*** Opening of DATA FOR ANALYSIS ***

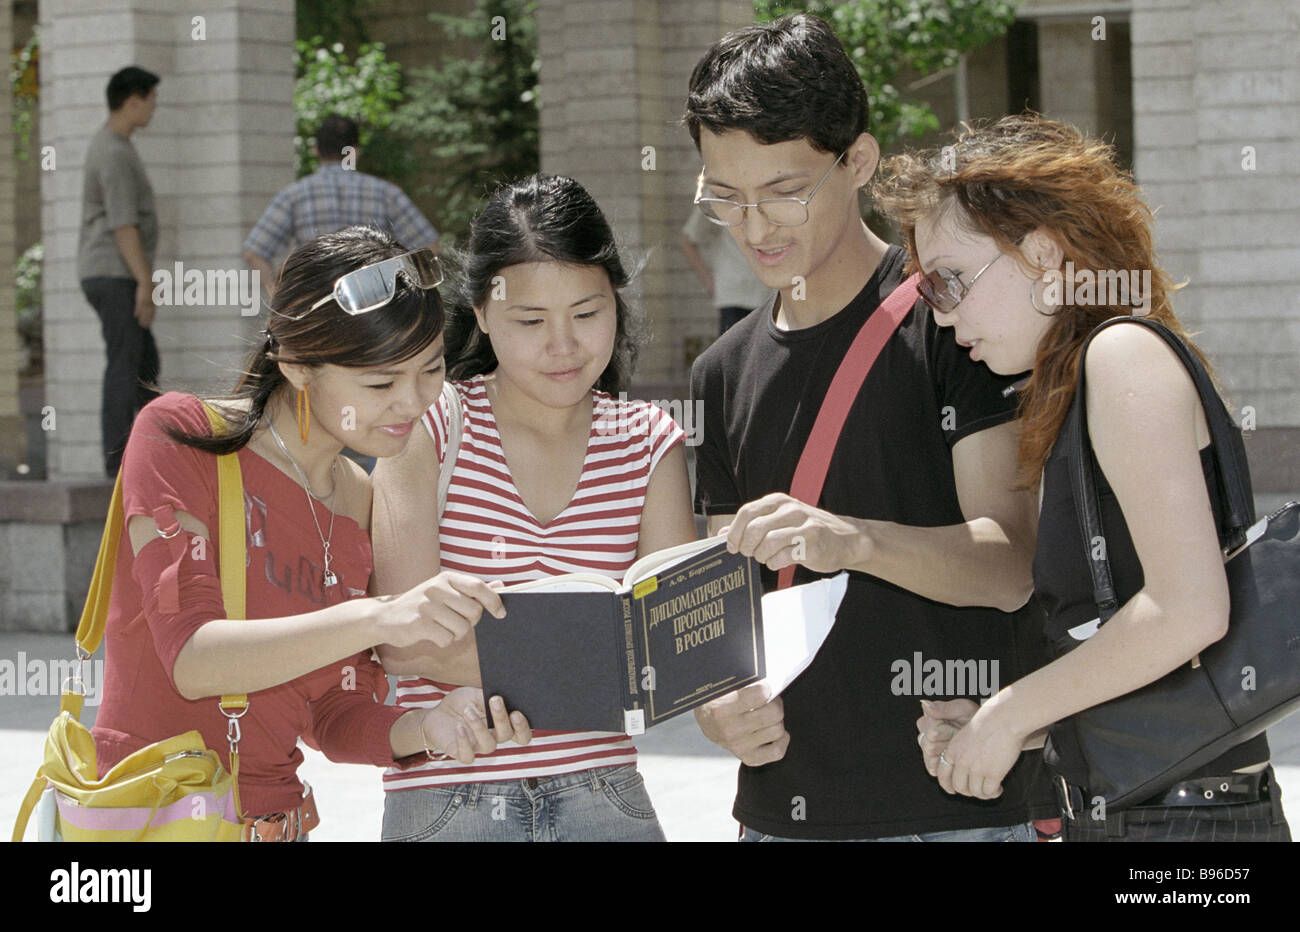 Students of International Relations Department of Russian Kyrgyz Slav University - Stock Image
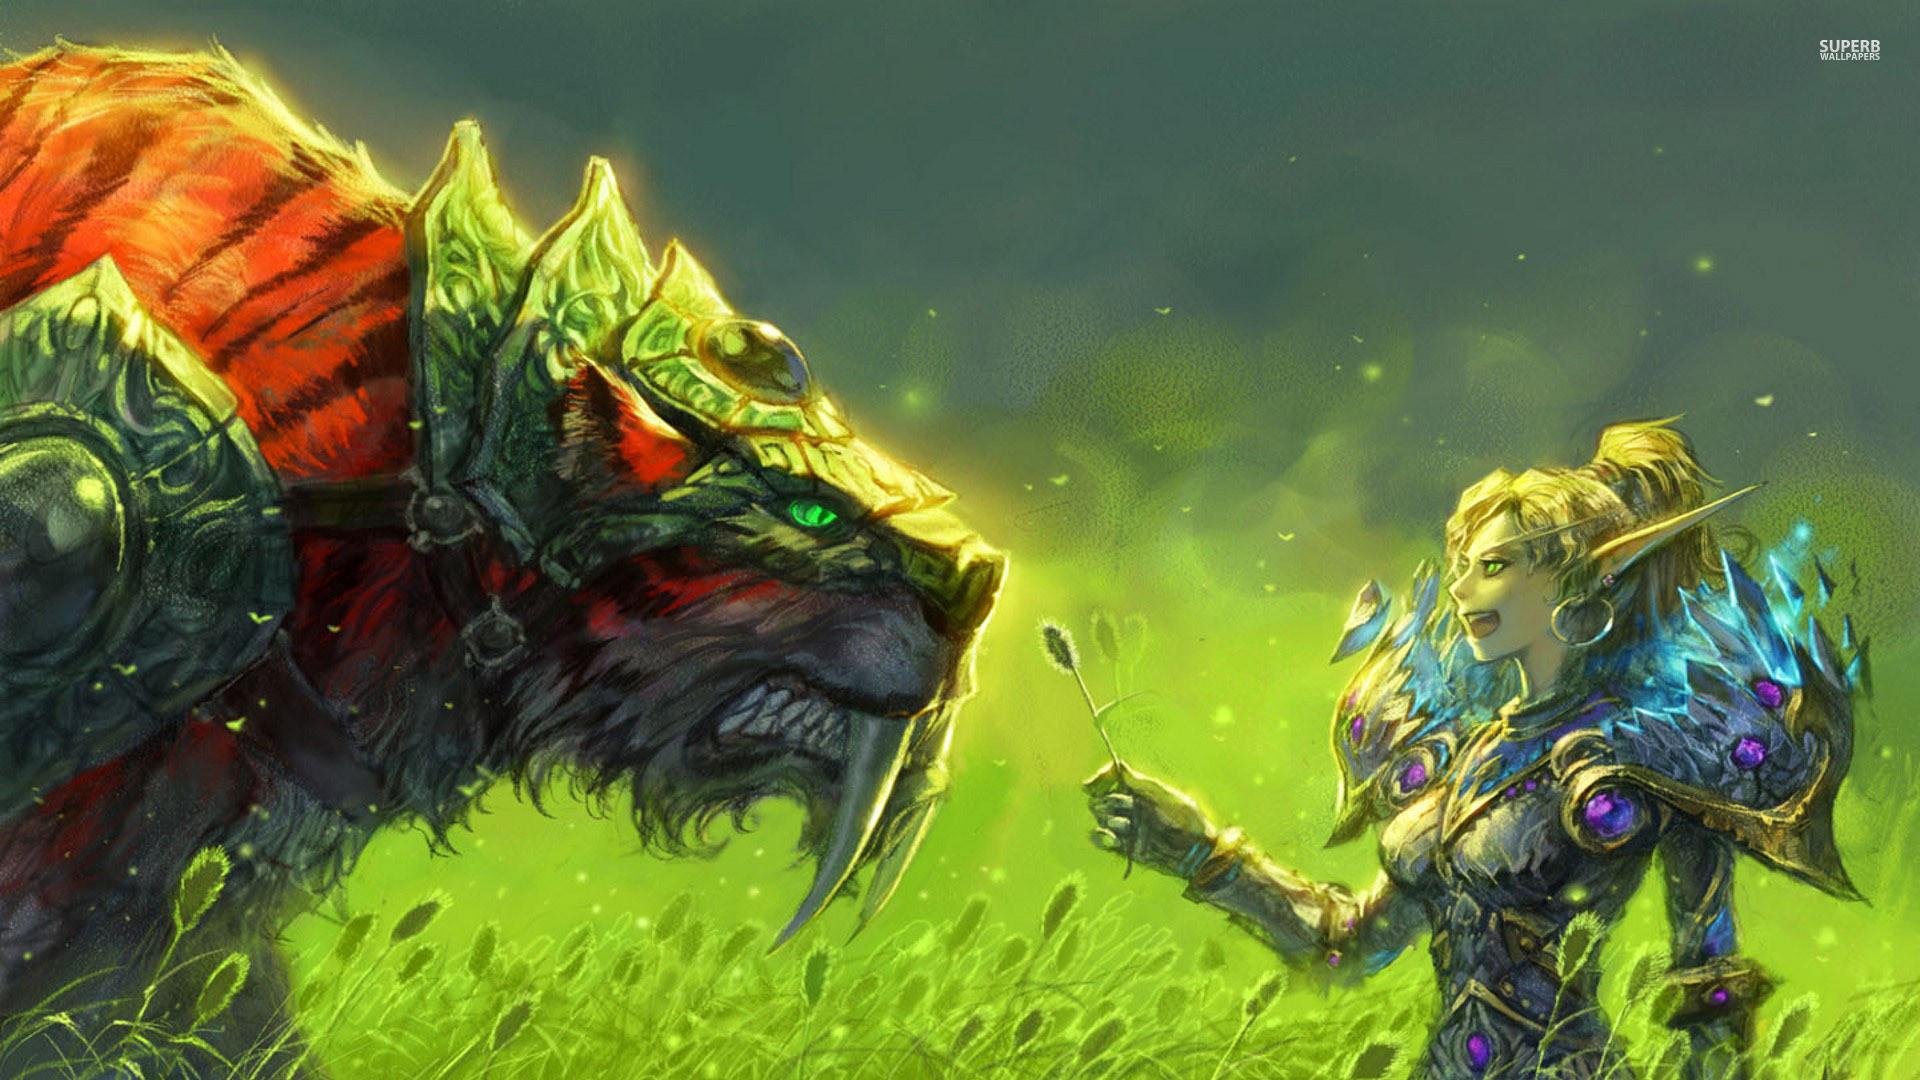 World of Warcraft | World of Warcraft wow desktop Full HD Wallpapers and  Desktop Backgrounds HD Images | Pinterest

*** Close of DATA FOR ANALYSIS ***
*** Opening of DATA FOR ANALYSIS ***

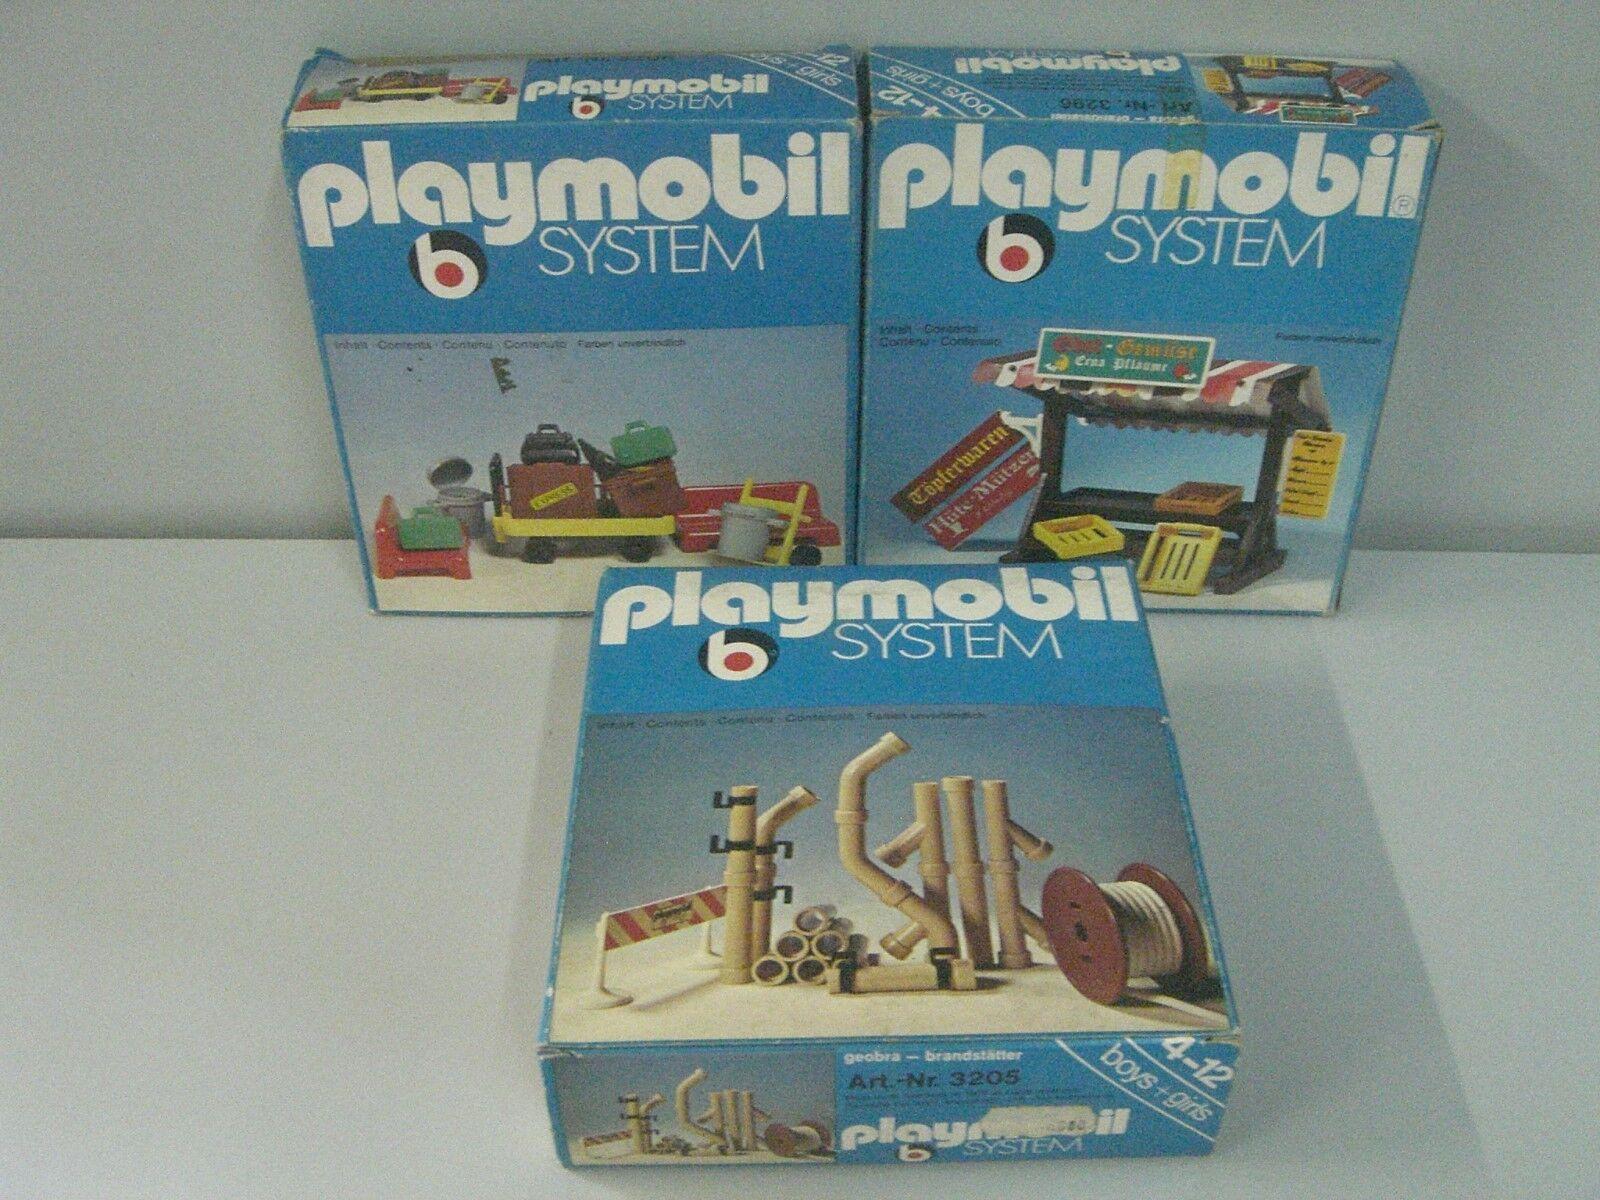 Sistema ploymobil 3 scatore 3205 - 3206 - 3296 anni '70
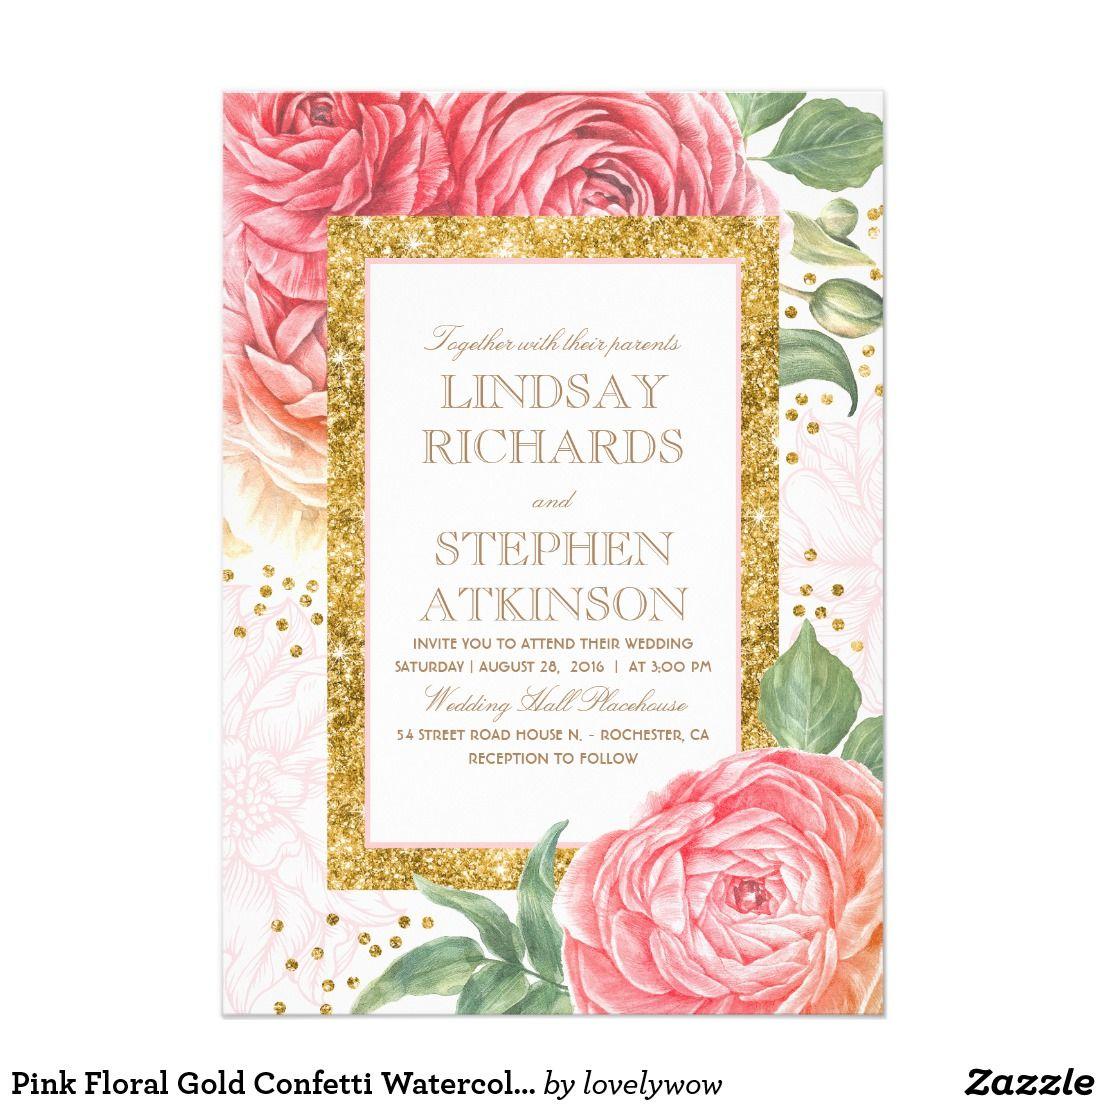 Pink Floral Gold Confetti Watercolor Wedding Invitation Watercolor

*** Close of DATA FOR ANALYSIS ***
*** Opening of DATA FOR ANALYSIS ***

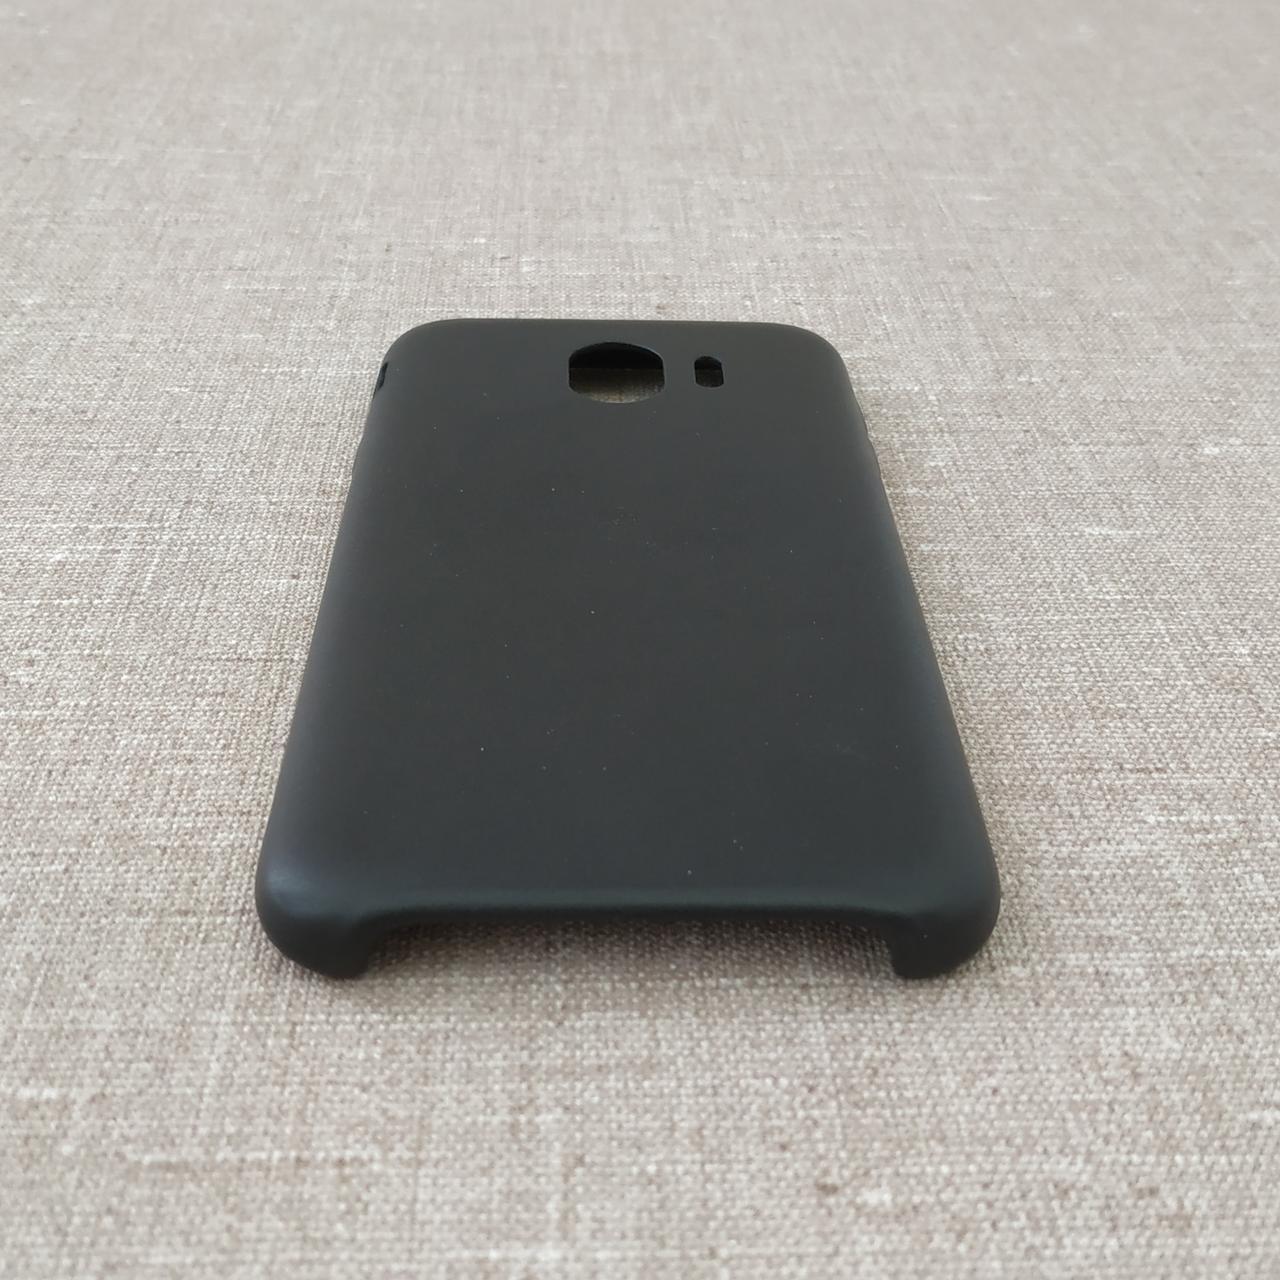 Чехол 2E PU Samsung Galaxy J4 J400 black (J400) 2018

*** Close of DATA FOR ANALYSIS ***

What belongs in the answer is each line above from the line with "Sistema ploymobil 3" to the line with "Pink Floral Gold", inclusive, reproduced exactly and free of pictures.

 Sistema ploymobil 3 scatore 3205 - 3206 - 3296 anni '70
 Pink Floral Gold Confetti Watercolor Wedding Invitation Watercolor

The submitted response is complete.